To clarify the role of ASH2 in transcriptional regulation we performed ChIP-qPCR analysis of individual genes in wild-type and ash2I1 mutant larva and analysed H3K4me3 and RNA Polymerase II modifications. The genomic regions were selected based on the following criteria: ASH2 targets with differential expression in ash2 mutants possessing at least one predicted motif around their TSS. We chose two downregulated genes: engrailed (en) and Cyclin A (CycA); two upregulated genes: mitochondrial Ribosomal protein L40 (mRpL40) and Ribosomal protein L36 (RpL36); and one gene whose expression does not change in the mutant condition used as a control: Sphingosine-1-phosphate lyase (Sply) (Figure 5A and Supplementary Figure S7). We observed that, consistent with the general function of ASH2, H3K4me3 is reduced in all genes in ash2 mutant flies, independently of their transcriptional state. Strikingly, we did not detect any change in PolIIS2P, but a decrease in PolIIS5P was observed in the TSS of the three classes of genes.
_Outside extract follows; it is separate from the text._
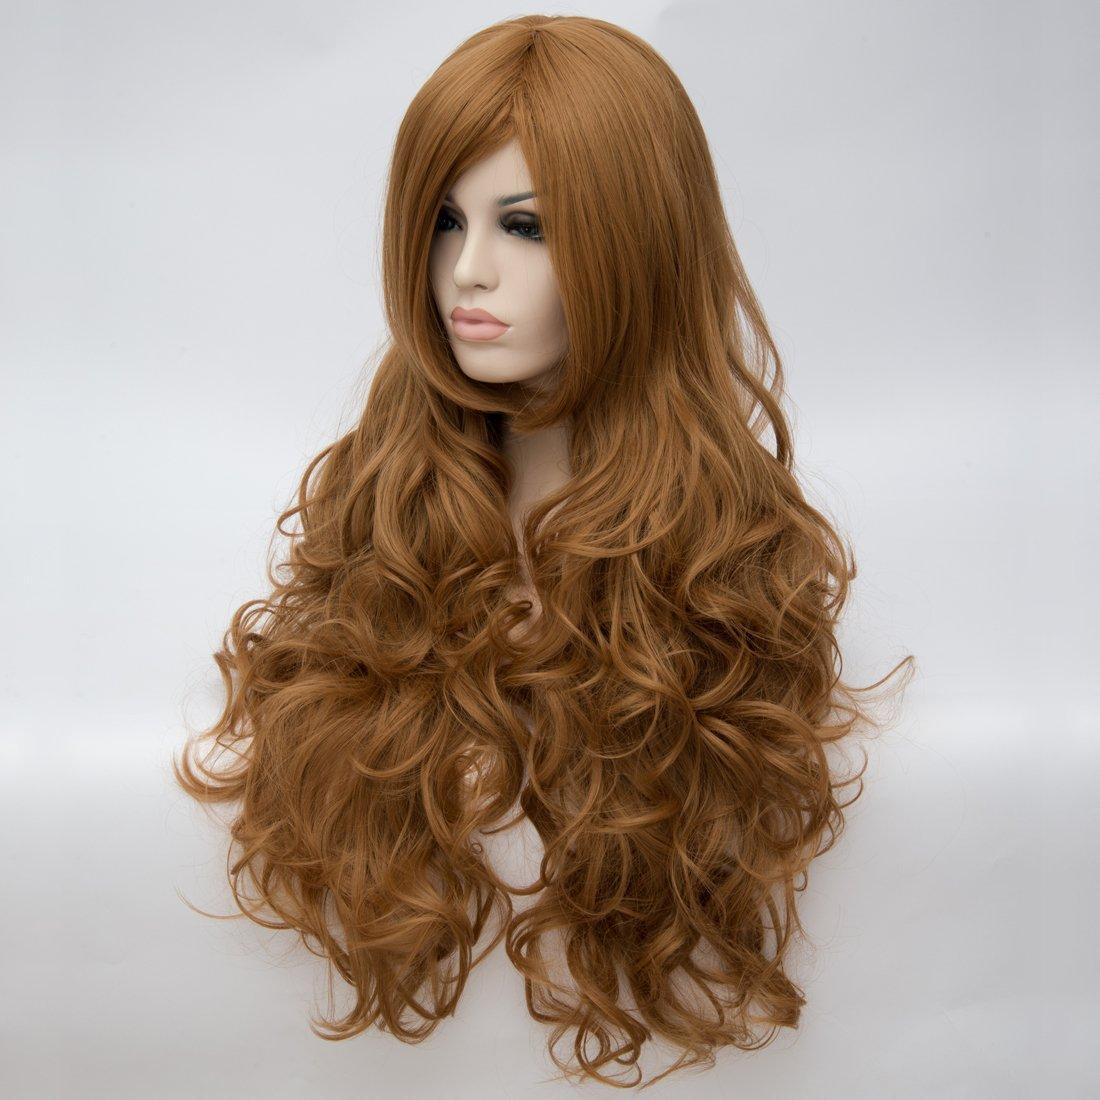 priomix 80 cm largo rizado Brown peluca Daily Basic vacaciones fiesta Carnaval vestido de anime cosplay peluca para mujeres resistente al calor de alta ...

A possible disengagement of PolIIS2P along the gene should be discounted since no change in its occupancy was observed when performing ChIP analysis on the 3′ gene region (Figure 5A). To confirm these observations we performed immunostaining on polytene chromosomes. As shown in Figure 5B, there was a general decrease of PolIIS5P on ash2 mutant larva in comparison to wild-type. In agreement with our ChIP experiments, PolIIS2P does not show clear differences between mutant and control larva.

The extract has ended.